Among many other methods is one where requirements documents are written
with "shall", "must", and "will" verbs. This is common among software
engineers working in large, complex embedded systems like avionics.
While this technique plays a little loose with proper English grammar,
the "shalls" and "musts" are interpreted as firm requirements, and the
"wills" are usually interpreted as enhancements. The programming team
extracts unique requirements based on single sentences containing these
verbs and assigns a unique tag to each. The primary advantage in this is
that individual requirements can be traced through the life cycle.
Testing, especially, can assure the original requirements are met. The
downside is that traceability ends up as just chasing tags around; the
semantics of requirements and their interrelationships may be lost.

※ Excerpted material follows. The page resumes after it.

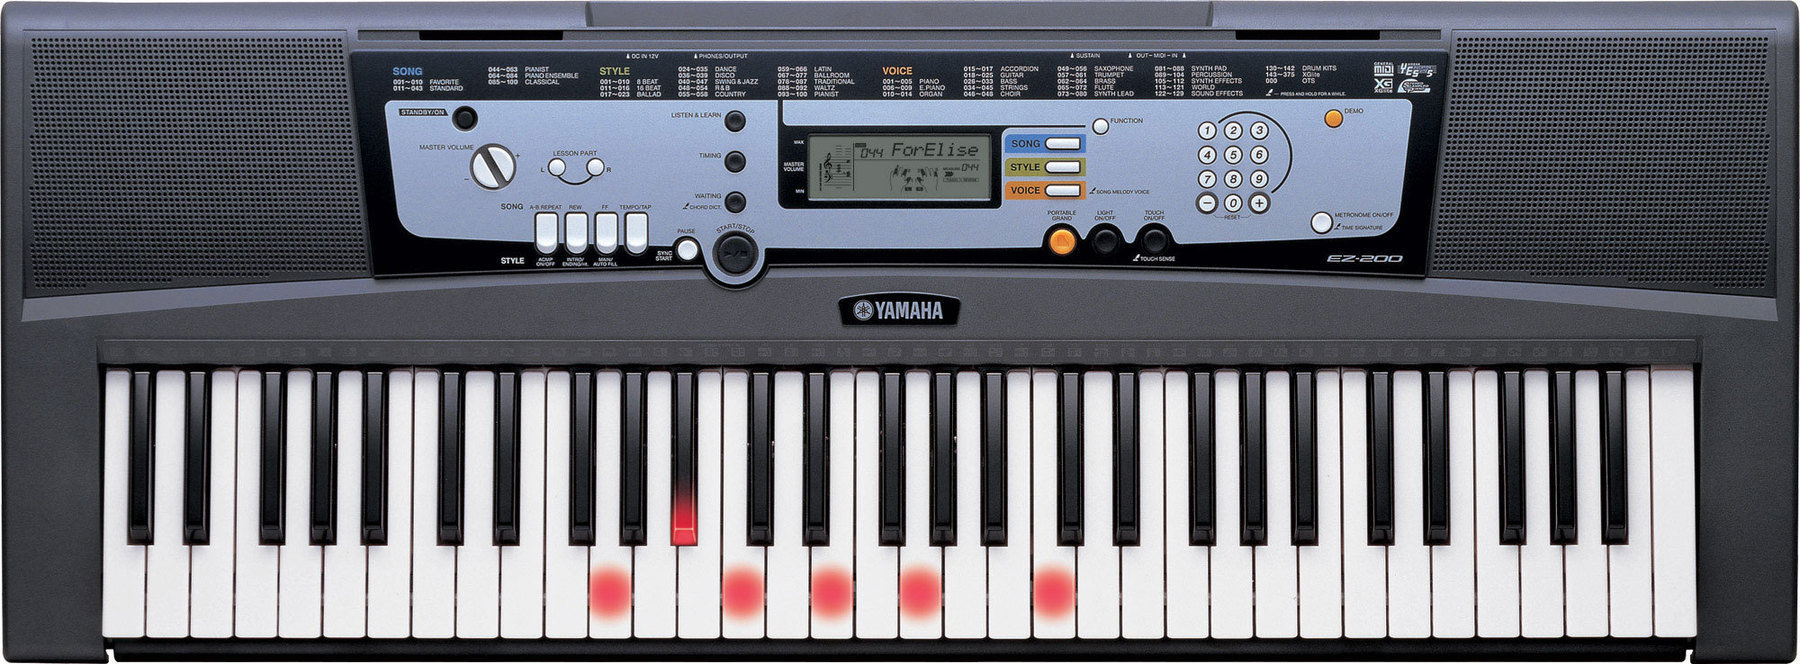 Keyboard with Touch Response Yamaha EZ 200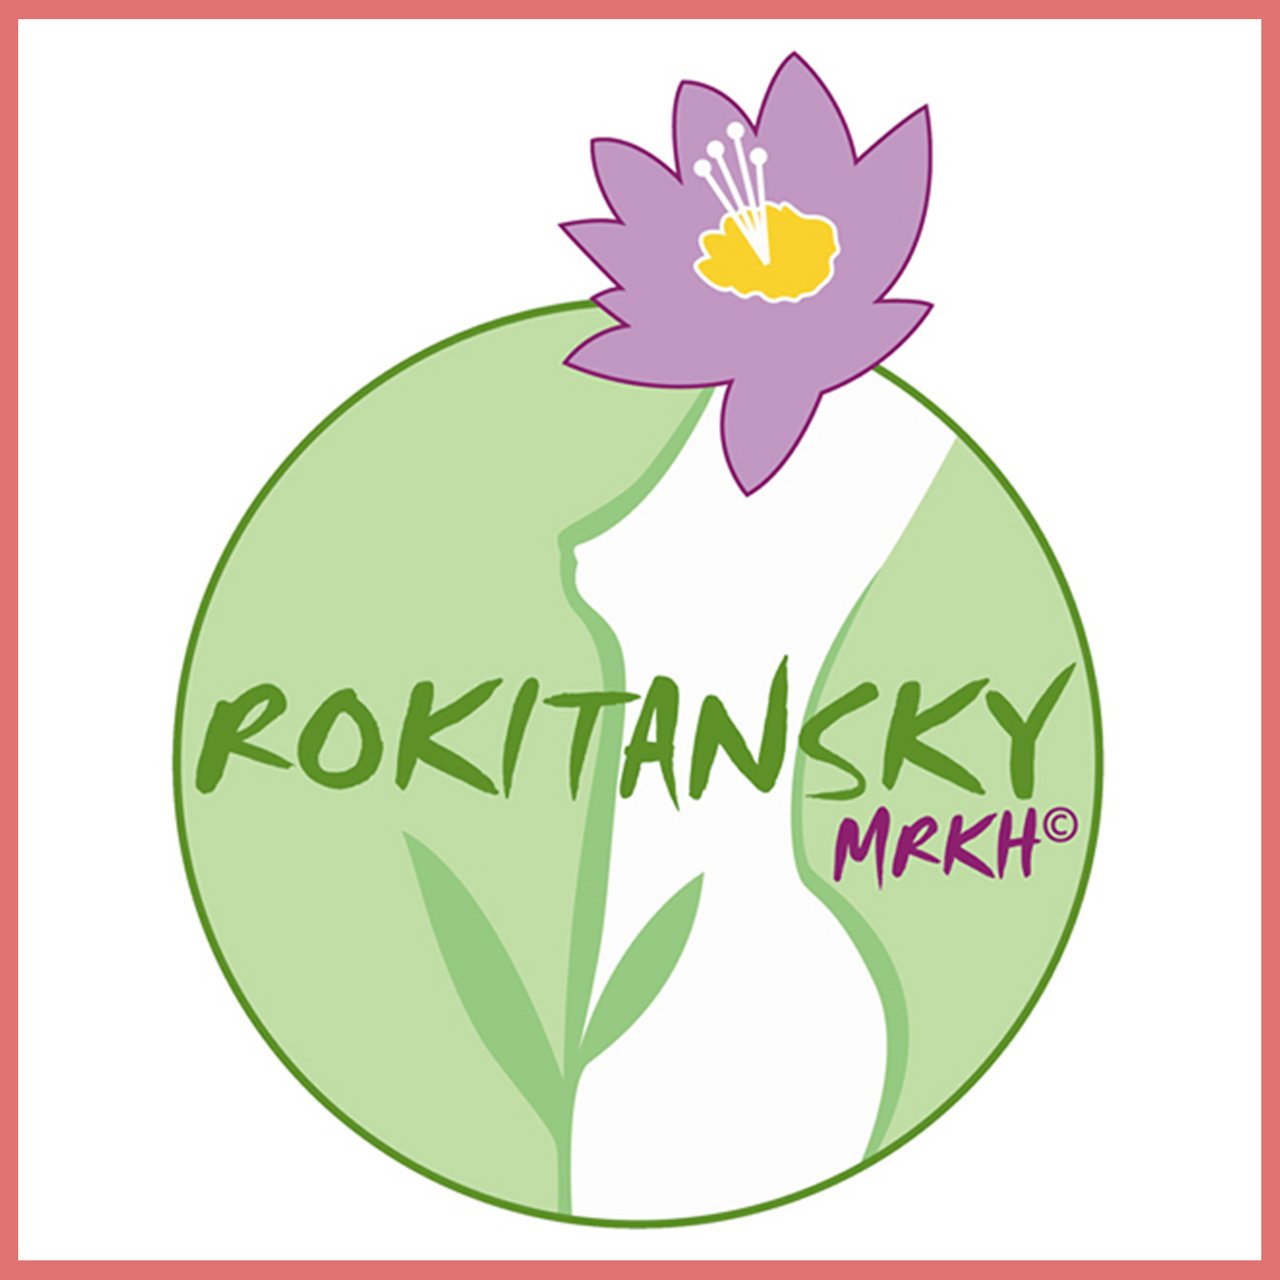 Association MRKH, Syndrome de Mayer-Rokitansky-Hauser

Often, with this tagging process, a definition language construct allows
each requirement to be placed into the software source code. Typically
little more than a markup similar to an HTML comment surrounding the
unique tag and its requirements text, this allows a grep-like utility to
extract the comments from the code, thus matching coded requirements to
design documents via the tags. Again, what is lost is the meaning and
consistency in requirements.
It would be much better if a CNL could be used during the writing of
requirements. Even if not used to produce code by programming directly
in CNL, verification of the development process end-to-end through
traceability studies, product validation via qualification testing, and
writing accompanying documents like user guides would be enhanced.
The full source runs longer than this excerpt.